The system implements multiple layers of security protection:
- Encryption at Rest: GCS provides server-side encryption for stored data
- Access Control: GCS IAM policies control access to storage buckets
- Authentication: Service account credentials with limited permissions
- Data Encoding: Binary data is properly encoded for JSON serialization
- Input Validation: Comprehensive validation of input parameters
- Path Sanitization: Proper sanitization of file and blob paths
The system also implements defense-in-depth principles with multiple layers of protection.

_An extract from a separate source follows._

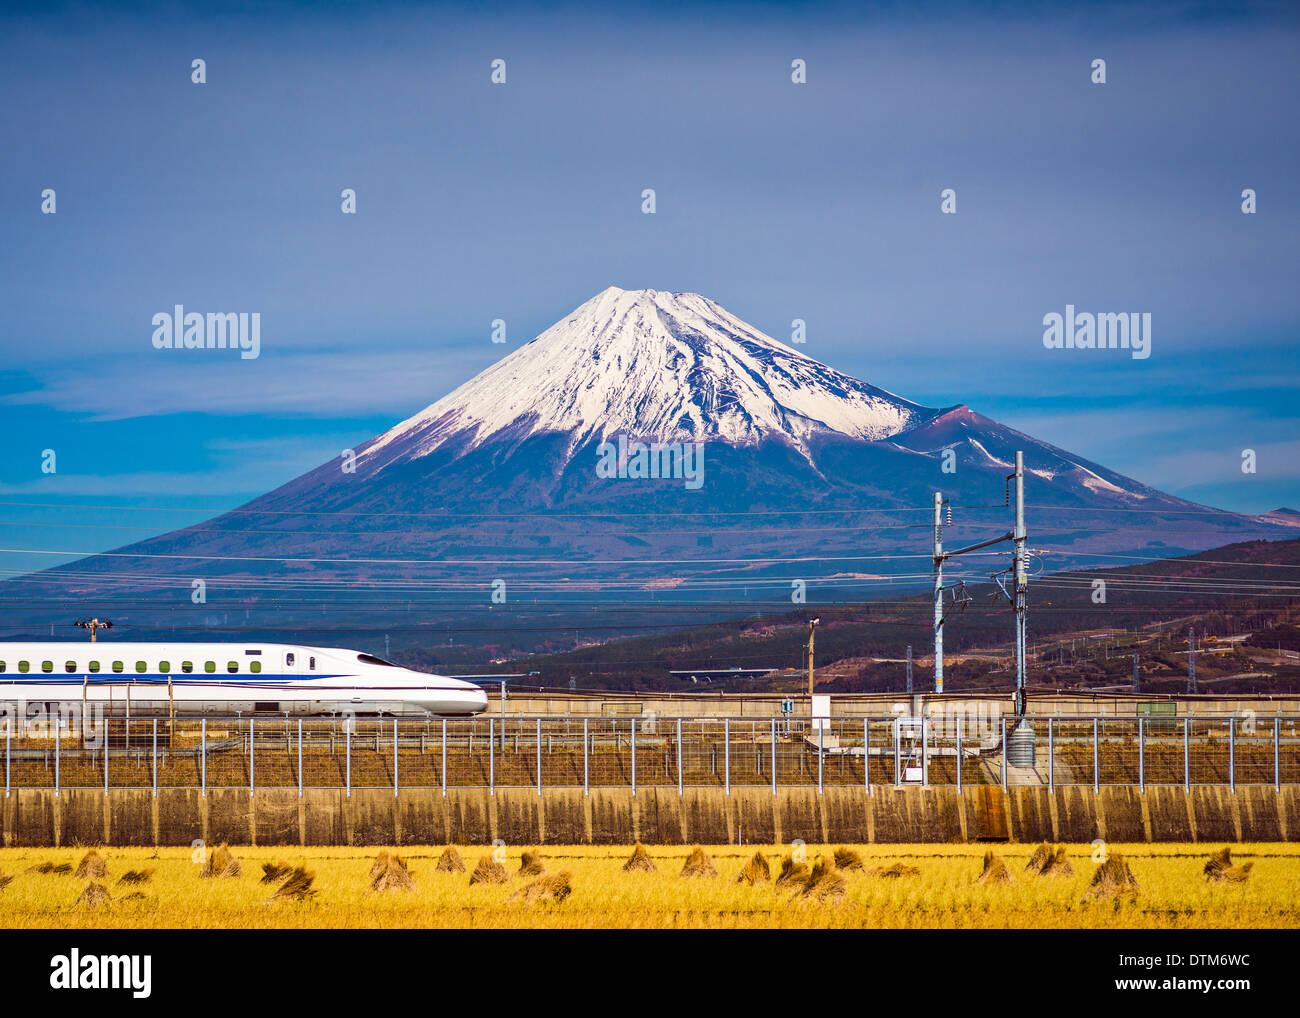 Mt. Fuji in Japan mit einem Zug unterhalb. Stockfoto

The storage system protects against unauthorized access through:
- Environment Variables: Sensitive configuration is stored in environment variables
- Secure Defaults: GCS access is disabled by default to prevent accidental exposure
- Thread Safety: Proper synchronization prevents race conditions
- Error Handling: Comprehensive error handling prevents information leakage
- Input Sanitization: All inputs are validated and sanitized
The system follows the principle of least privilege, granting only the minimum permissions necessary for operation.
Section sources
- storage.py
- cloud_storage.py
- session_metadata_store.py
The storage and persistence system in the post-quantum WebAuthn platform provides a robust, secure, and flexible foundation for managing authentication data. The dual storage backend implementation allows seamless operation in both development and production environments, while the comprehensive data models ensure all necessary information is captured and preserved. The system's focus on security, data integrity, and efficient lifecycle management makes it well-suited for handling sensitive authentication credentials and metadata. By combining local file storage with Google Cloud Storage integration, the system offers the best of both worlds: simplicity for development and scalability for production deployment.